1.2 Innovations of MAE

MAE’s success mainly comes from three key technological innovations:

Asymmetric encoder-decoder architecture: The encoder only processes visible patches that are not occluded (the amount of calculation is reduced by about 75%), so it is very lightweight and efficient; while the decoder needs to process all patches and is specifically responsible for reconstructing the occluded image content.
High-proportion random mask: Using an extreme random occlusion ratio of 75% forces the model to understand the global semantic association between different areas in the image, and cannot simply rely on local texture filling.
Lightweight pixel-level reconstruction target: Directly predict the original RGB pixel value of the occluded patch. There is no need to introduce additional auxiliary modules such as pre-trained VAE (variational autoencoder) or Tokenizer. The implementation is simple and the training is stable.

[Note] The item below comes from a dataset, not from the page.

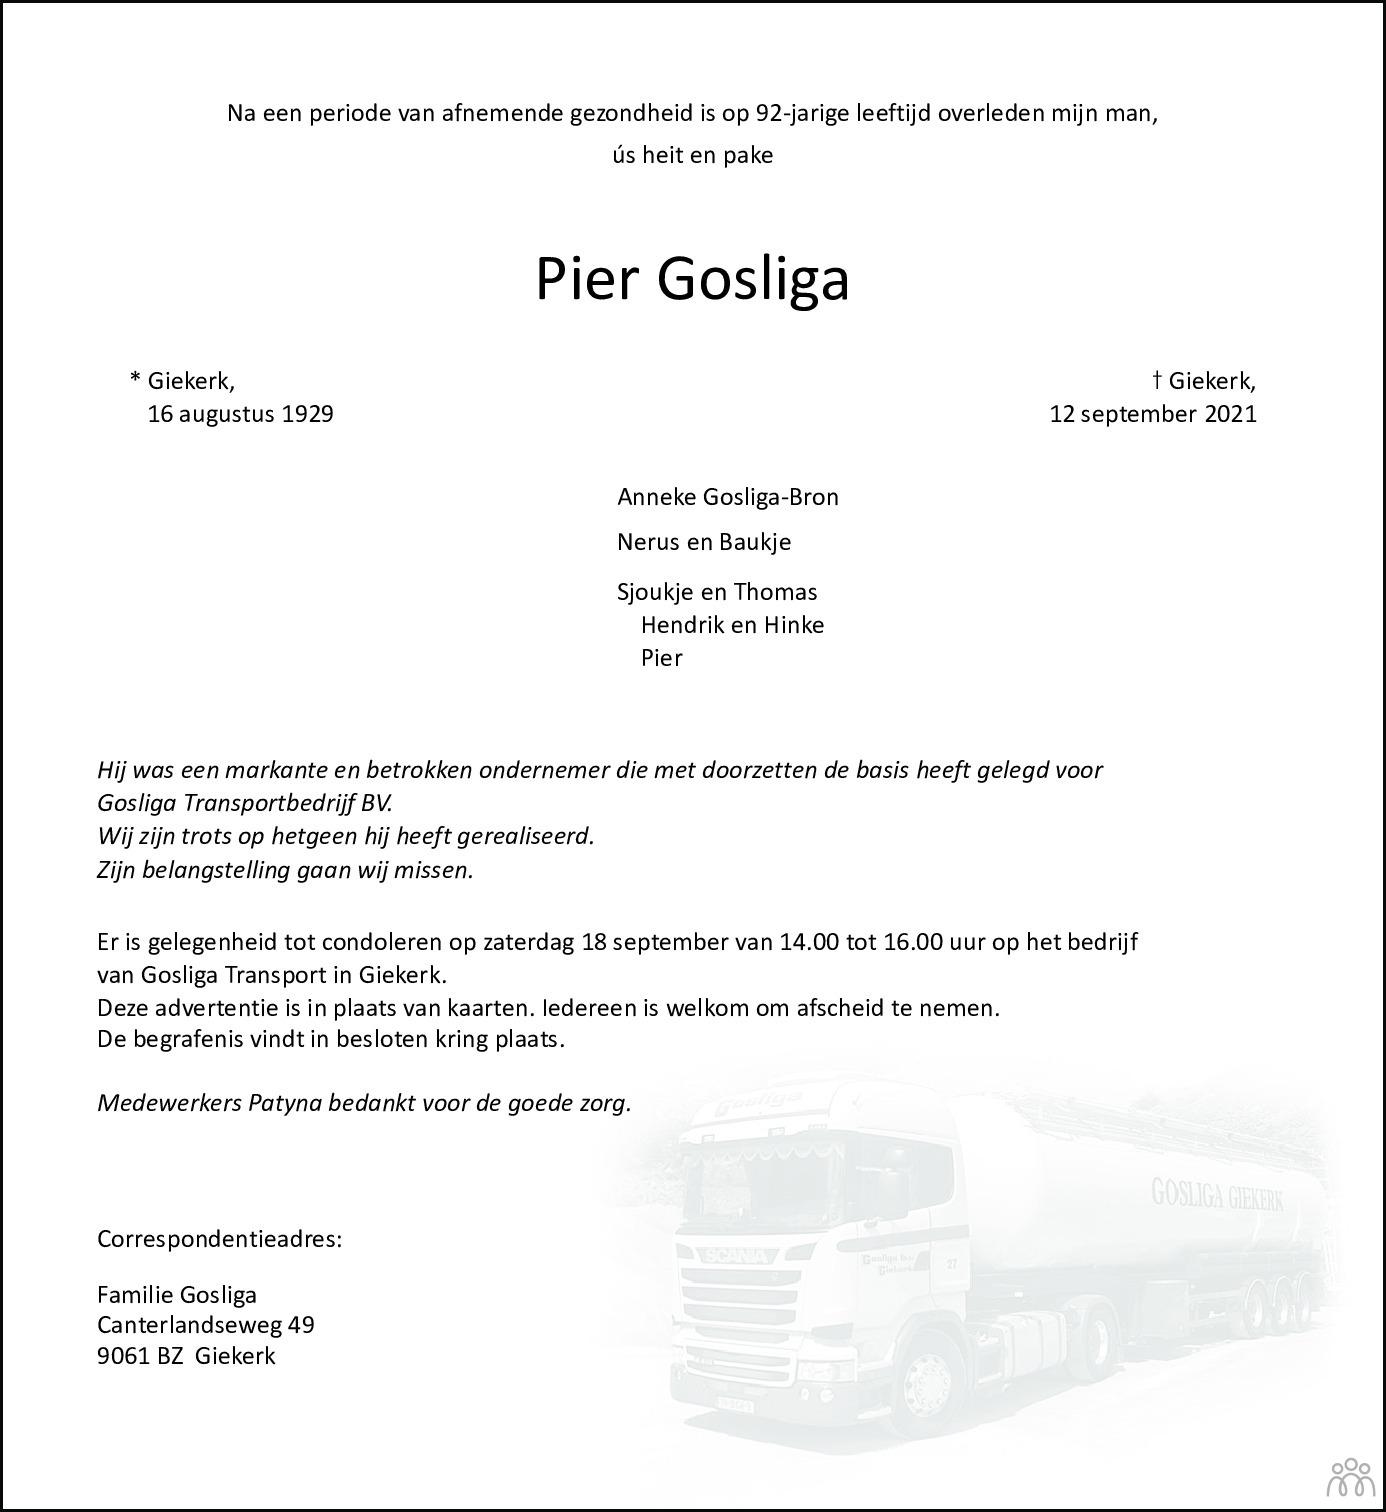 Overlijdensbericht van Pier Gosliga in Leeuwarder Courant
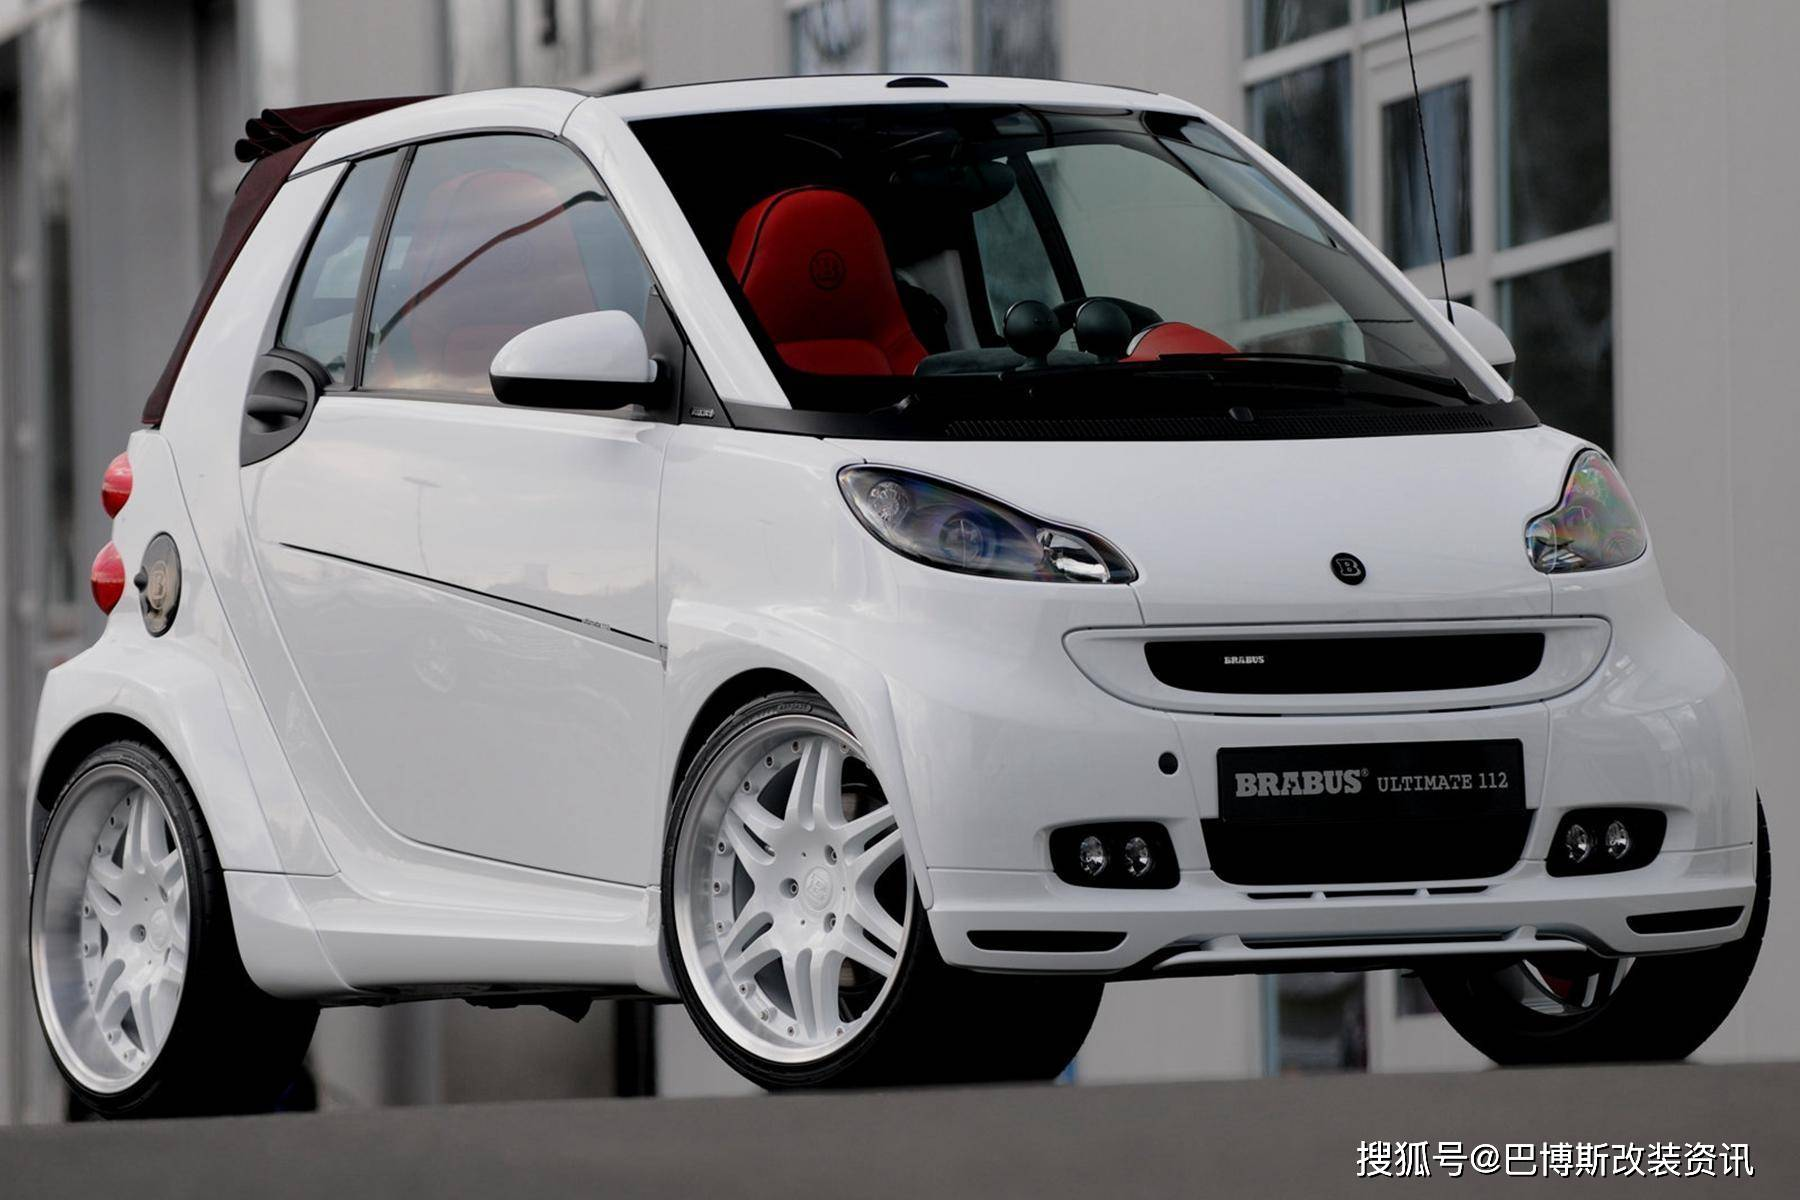 Brabus版的Smart 112外观更加动感,内饰充满赛车气息

2. Detailed explanation of MAE architecture

2.1 Asymmetric encoder-decoder design

The encoder is based on the standard Vision Transformer (ViT), but only retains the processing logic for unmasked patches. It is responsible for compressing visible patches into high-dimensional feature representations. The core modules include patch embedding, position encoding and Transformer encoding layers.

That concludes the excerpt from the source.